Our first encounter with the sealions came before we had even boarded the M.V Darwin (a motor-yacht and our home for the next four nights). We pulled up at the wharf and found about seven of them had taken over the seating area for an afternoon nap (we soon noted that sleeping is an extremely popular pastime of these animals), of course all of us on the tour went "oooh, how cute" and took a hundred photos to the amusement/frustration of our guide who was trying to get us on the boat. We, of course, didn't know this but these where only the tip of the sealion iceburg... we had literally thousands more to see over the following days (funny though, we never got sick of saying "ooooh, how cute" and taking hundreds of photos...). First stop; La playa de Bachus (Bachus beach) for our first experience of how cold the water was (as one of the guys on the boat pointed out, for the males a search party for your testicles was required after most swims...), even in wetsuits. Also the first proper look at the Sally Lightfoot crabs, the loudest crabs I have ever seen, really, the orange and blue against the rocks is hardly any kind of camoflage, is it? A visit to a flamingo lagoon and our first land Iguanas followed. Back on board for the evening and the first of our three course meals (we got very well fed on this trip) and a cruise to our first overnight stop, Las Plazas just off Santa Cruz island. A few on board did a bit of "talking to the big white telephone" at this point, luckily we all had private toilets in our cabins. Everytime the boat began to move we noted the prescence of the Frigate birds; huge black sea birds that would tail the boat hoping for a scrap or two to fall off. These birds wouldn't just tail us at a distance though, they would fly just a meter or two above the top deck, almost within touching distance, which was impressive given the size of these guys.
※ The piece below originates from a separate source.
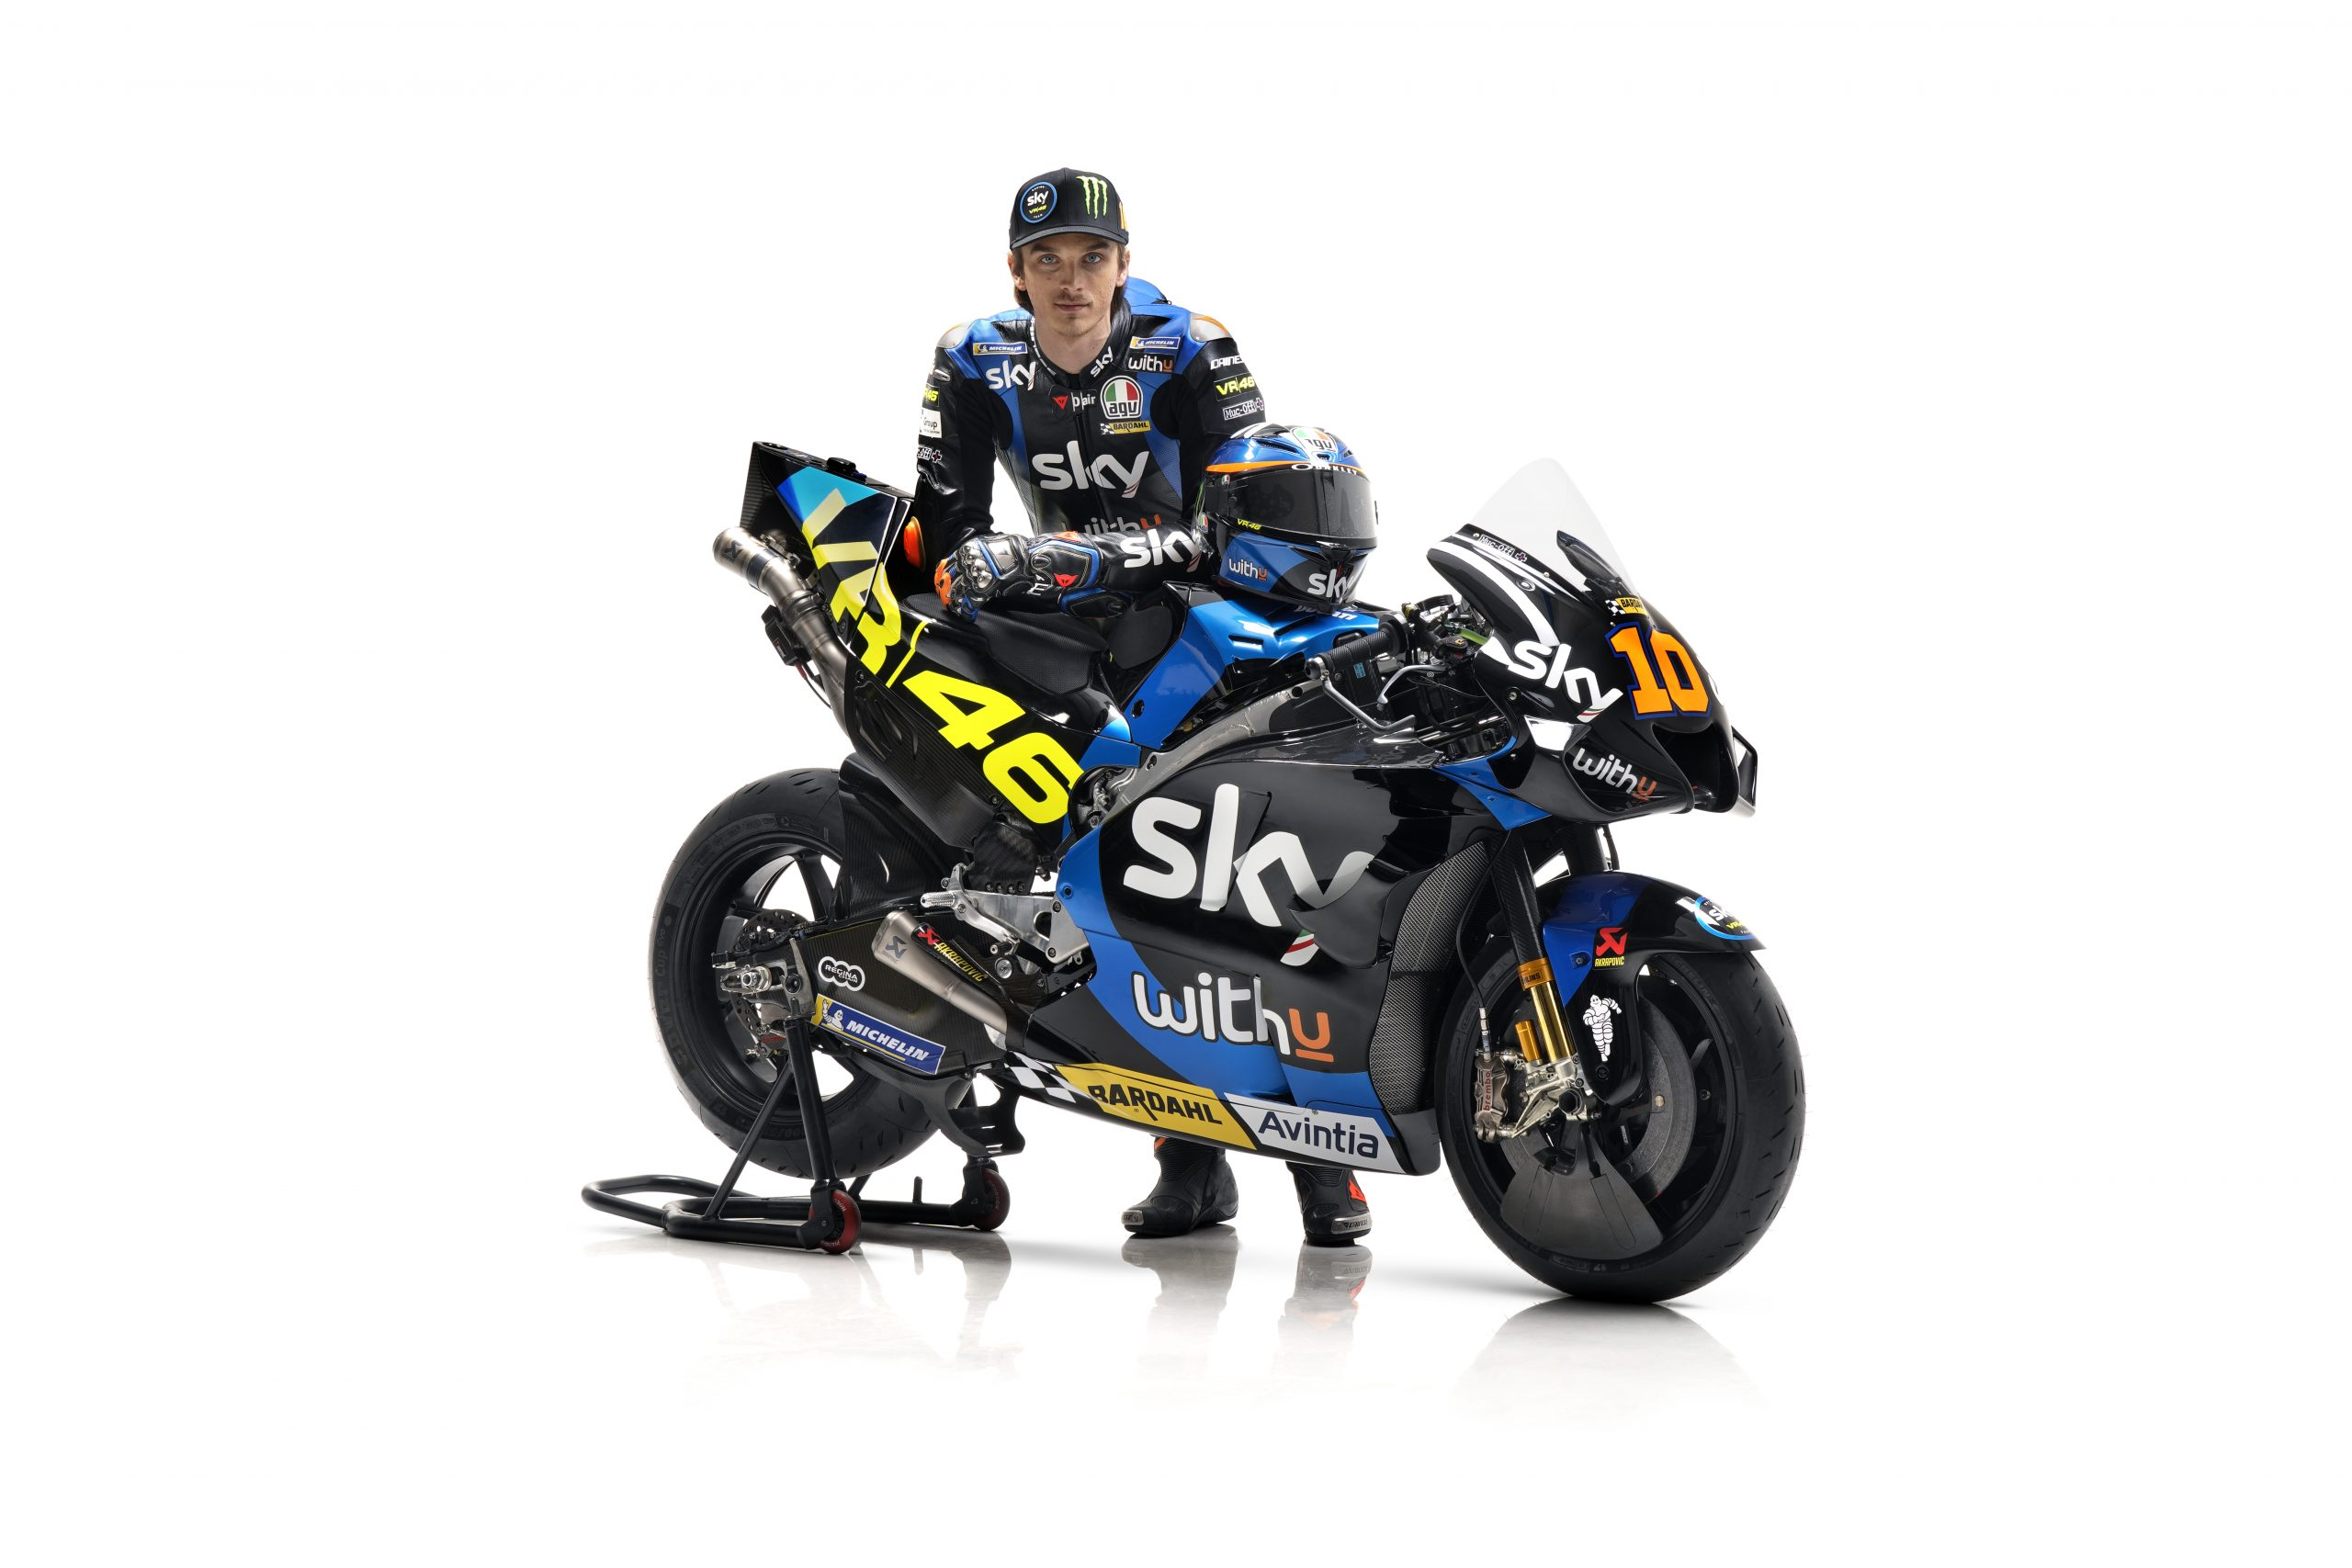 Luca Marini zadebiutuje w MotoGP

Next morning we went ashore on South Plaza to see the Sealions (warned to keep at least four metres clear of the big Bull Sealions as they have no sense of humour), Iguanas, numerous birds and to see the somewhat bizare landscape of the Islands. Apparently it was the dry season, so all of the normally green vegetation (Prickly Pear, favourite food of the Iguanas) had turned a vibrant red (apparently it stops photosynthesis and conserves the plants energy don't ya know). Hard to believe the Islands could ever be lush and green, most of them we saw appeared really barren with dead trees, but our guide reassured us that none of the trees were dead and that a little rain in a few months whould bring everything back. Back in the water in the bay here for our first snorkelling with the Sealions. Can't even begin to describe how cool this was, again something I don't think I would ever get sick of. The males are a little freaky in the water (really big with the intention of defending their territory), but the females and the younger ones are a lot of fun. They swim up to you underwater, look into your mask, literally centremetres away, and blow bubbles in your face before swimming off and coming around for another go... ooooh, how cute!! Really an incredible thing to experience, only spoiled by the fact that grinning underwater doesn't work; your mask fills up with water.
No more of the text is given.